I have a thing. I have a thing I was going to mention, just a proposal to throw out there. When Sam Seaborn was a congressional aide, they had an expression, "no idea was too stupid to say out loud."
I've decided to use Daily Kos as a safe place to brainstorm. We'll see if that decision bears fruit on the flip.
A cursory look at the documents published on the White House website makes it look like Social Security will take in about $820B and pay out about $540B in 2006. So of the 12.4% tax, only about 8.2% is needed to pay the benefits. That of course will rise over time, and real reform will be necessary, but we'll do it on
our terms.
The idea: Why don't we propose to cut the FICA tax by 4.2%? The proposal would include a provision for the tax to ratchet up annually up to 12.4%, pending real reform.
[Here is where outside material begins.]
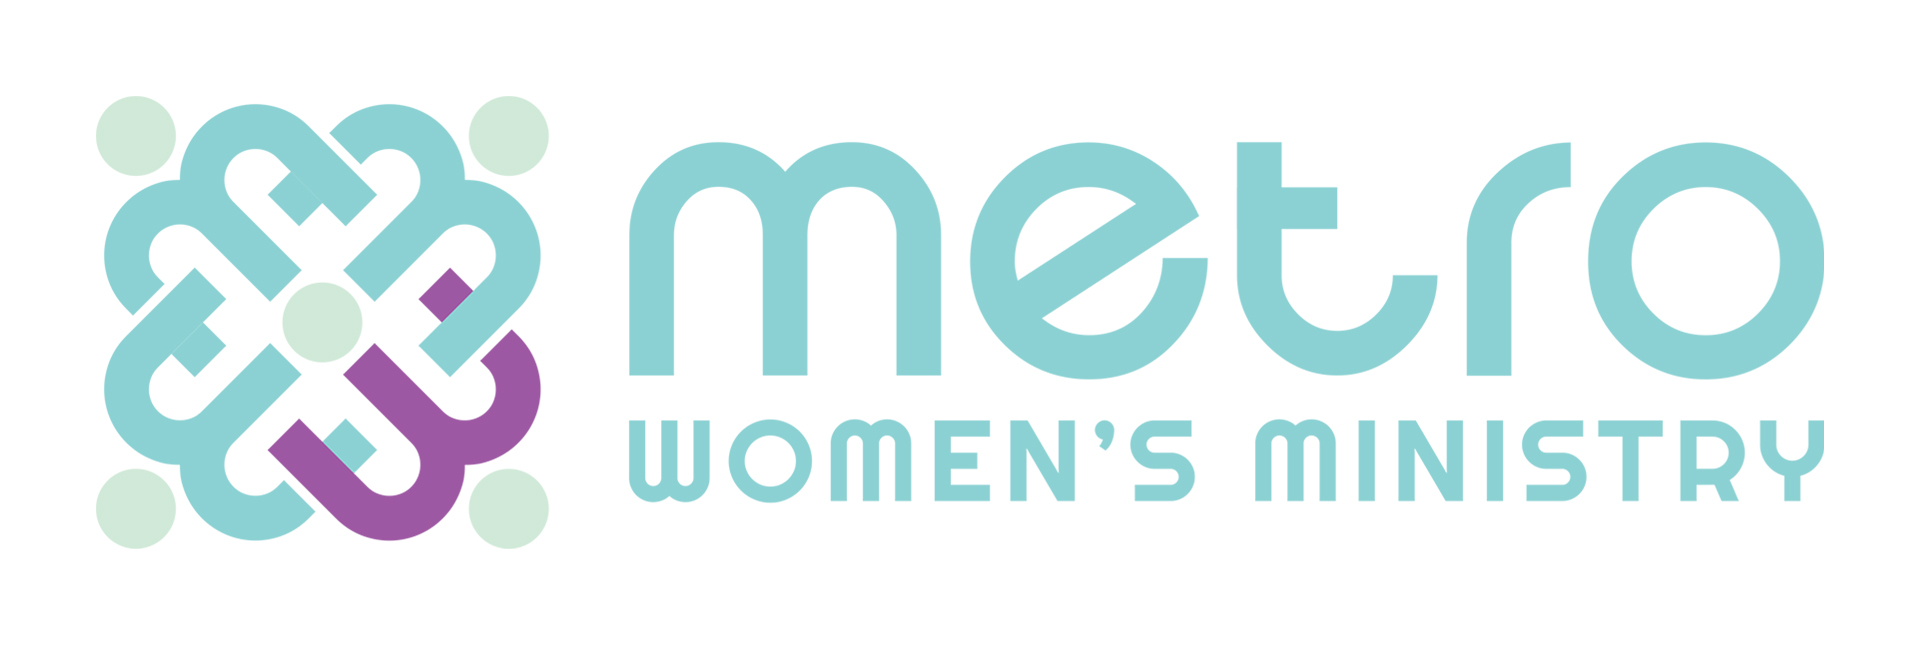 Promo_Womens_Generic.jpg

The FICA tax is regressive to begin with, and for low-income Americans it is a significant one. Cutting it will be the kind of tax cut that helps the right people. What makes it even better, though, is that the Republicans would never let it happen.
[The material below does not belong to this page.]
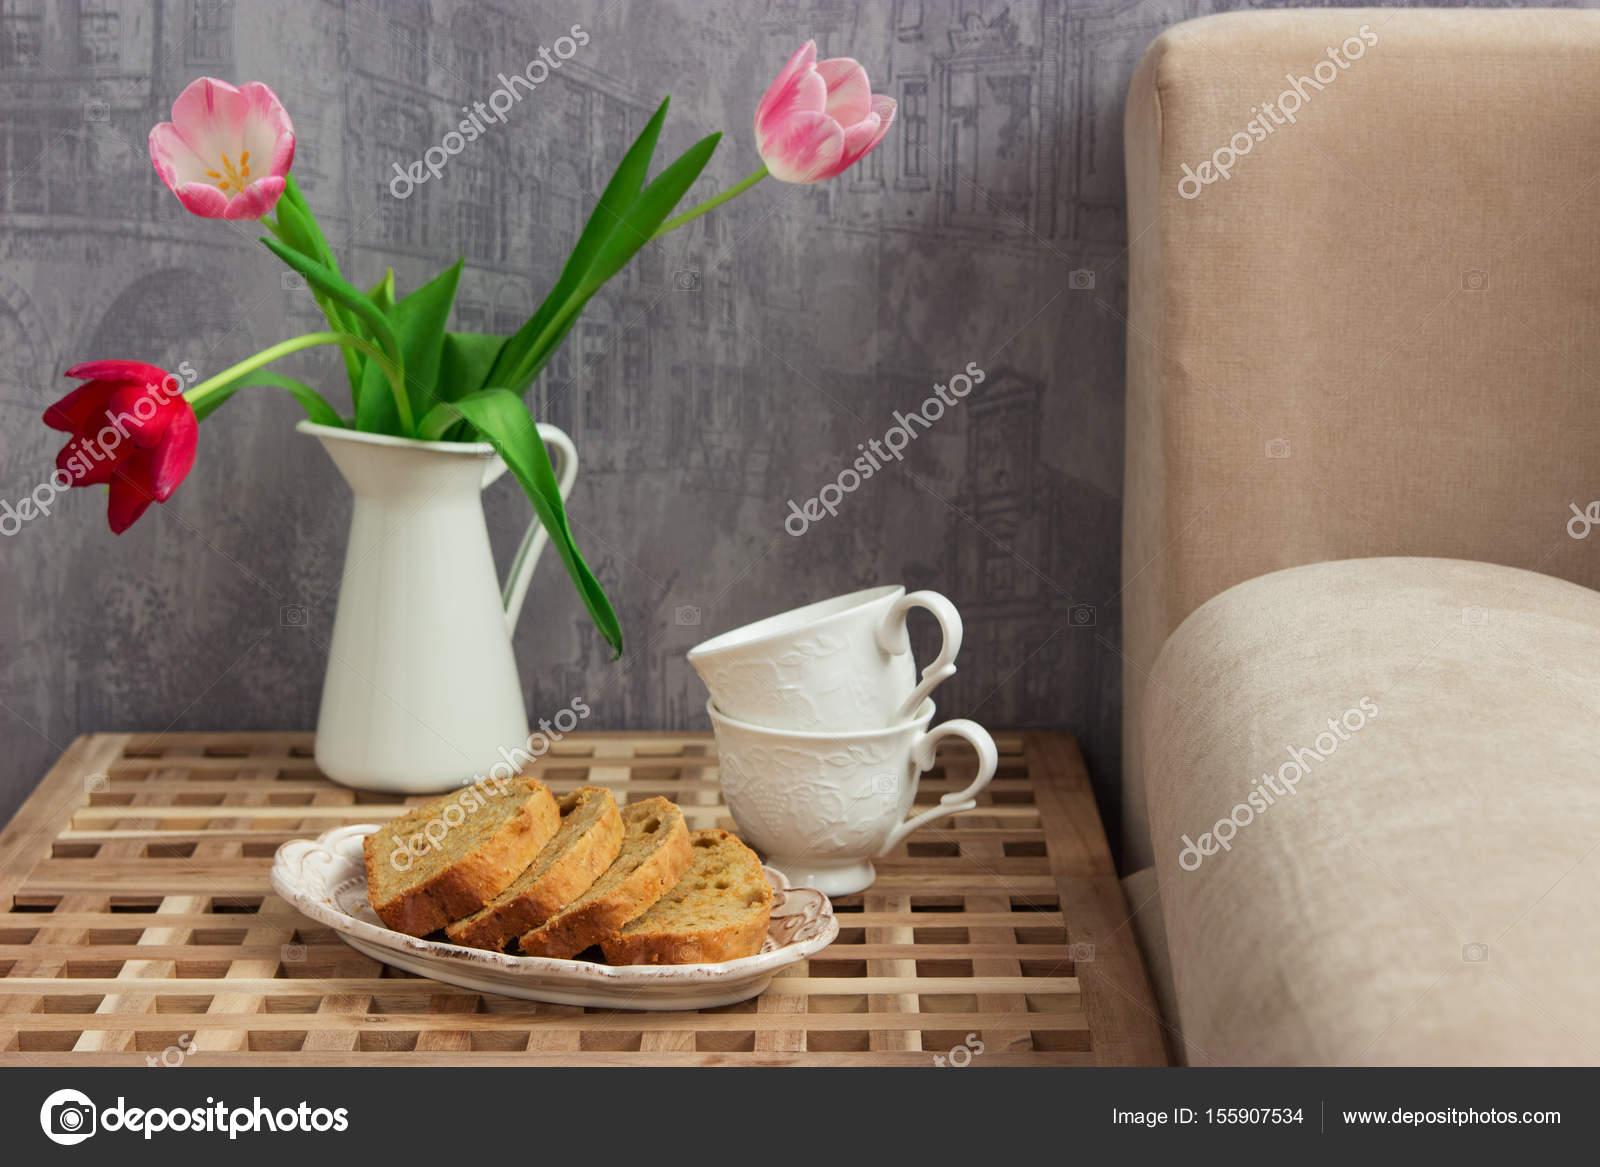 Zitronen Kuchen Tisch Bett — Stockfoto © Spring_melody #155907534

Getting rid of the Social Security surplus would negate the accounting tricks that make it look like the on-budget deficit is only [Note To Self: find the up-to-date, huge number before posting]. To keep the deficit from increasing by another $280B, they would have to roll back the Bush tax cuts, which they'll never do. A deficit increase of that magnitude would increase either interest rates or inflation, which they don't want going into November.
If they allow the FICA tax cut to go through, interest rates go up and they are hurt in November. If they vote against it, then they've just voted against a tax cut that would help millions of people in an election year. It's a rock and a hard place.
Of course, there are any number of places where my numbers or analysis could be wrong, which is why I'm asking for input. Your thoughts?